Tuning ORR selectivity of π-conjugated cobalt corroles from 2e- to 4e-
He Sun, Houssein Awada, Haitato Lei, Abdalaziz Aljabour, Luyang Song, Simon Offenthaler, Rui Cao, Wolfgang Schöfberger
Abstract
Efficient oxygen reduction reaction (ORR) is crucial for the performance of fuel cells and other electrochemical devices. Seeking for stable and electrochemically selective 2e- and 4e- ORR electrocatalyst is yet a challenge, making the design extremely important and outmost of interest. In this study, we demonstrate a method to tune ORR selectivity by adjusting the local cobalt density through oligo-/polymerization of π-conjugated cobalt(III) A2B and A3-corroles to linear and two-dimensional matrix structures. These heterogeneous catalysts exhibit remarkable physicochemical properties, fast charge transfer kinetics, electrochemical reversibility, and high durability.
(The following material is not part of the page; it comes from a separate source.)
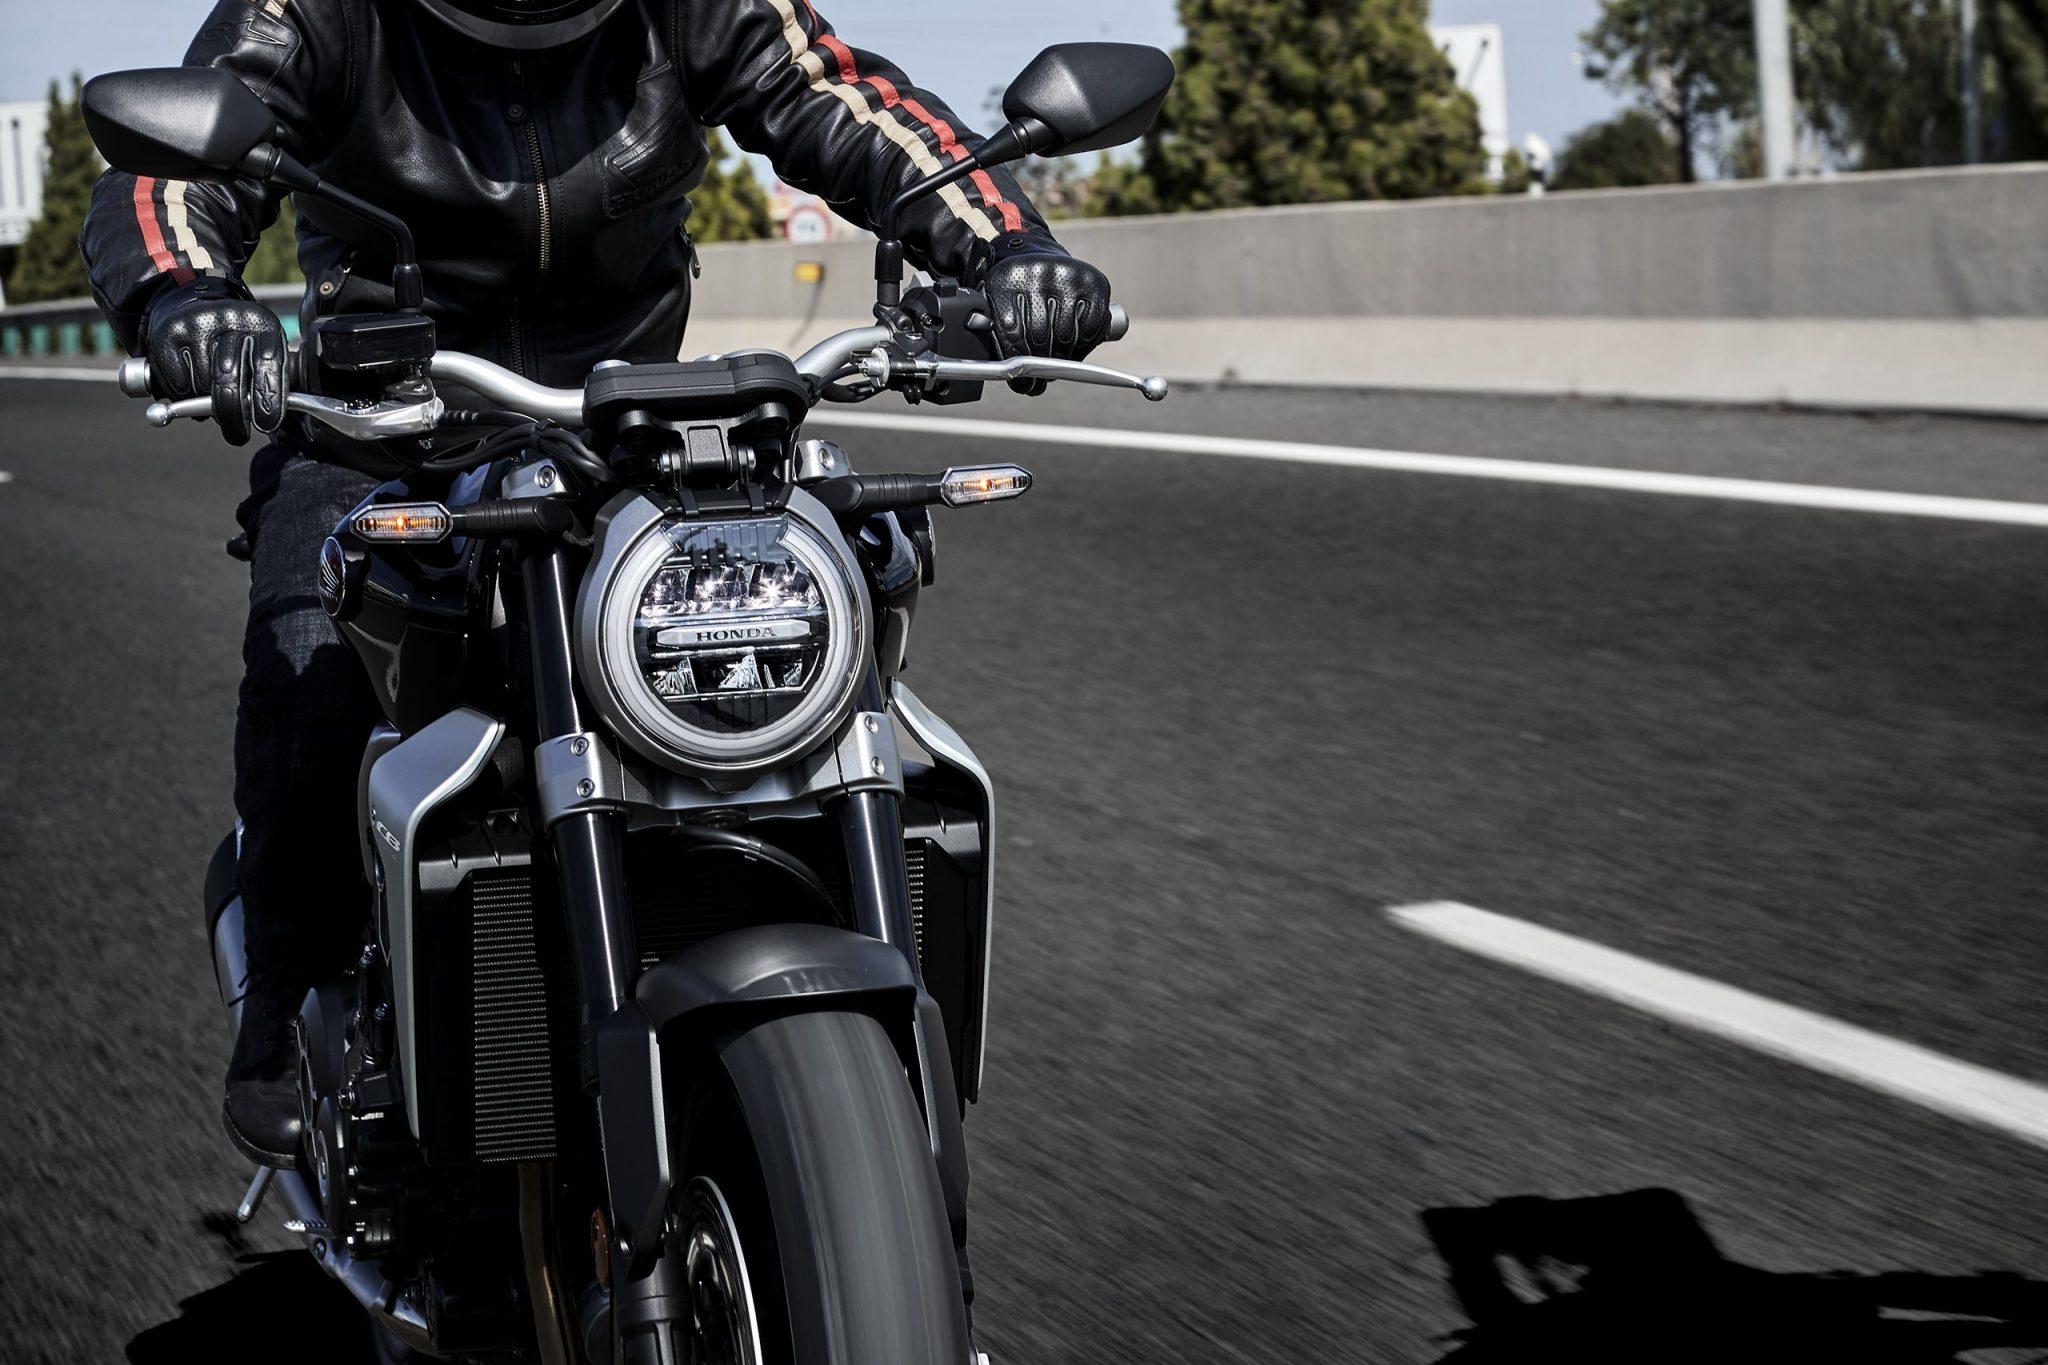 Honda Bike CB1000R 2018 bei Auto Stahl Frontansicht Schwarz Scheinwerfer Straße

Unselective three-electron transfer kinetics with n = 2.5–2.9 in between -0.20 V and +0.40 V vs. RHE are detected with the π-conjugated cobalt(III) A2B- corrole polymers. Highly selective four-electron kinetics with n = 3.7 in between -0.20 V and +0.40 V vs. RHE are detected by employing the cobalt A3-corrole oligomers during the ORR catalysis.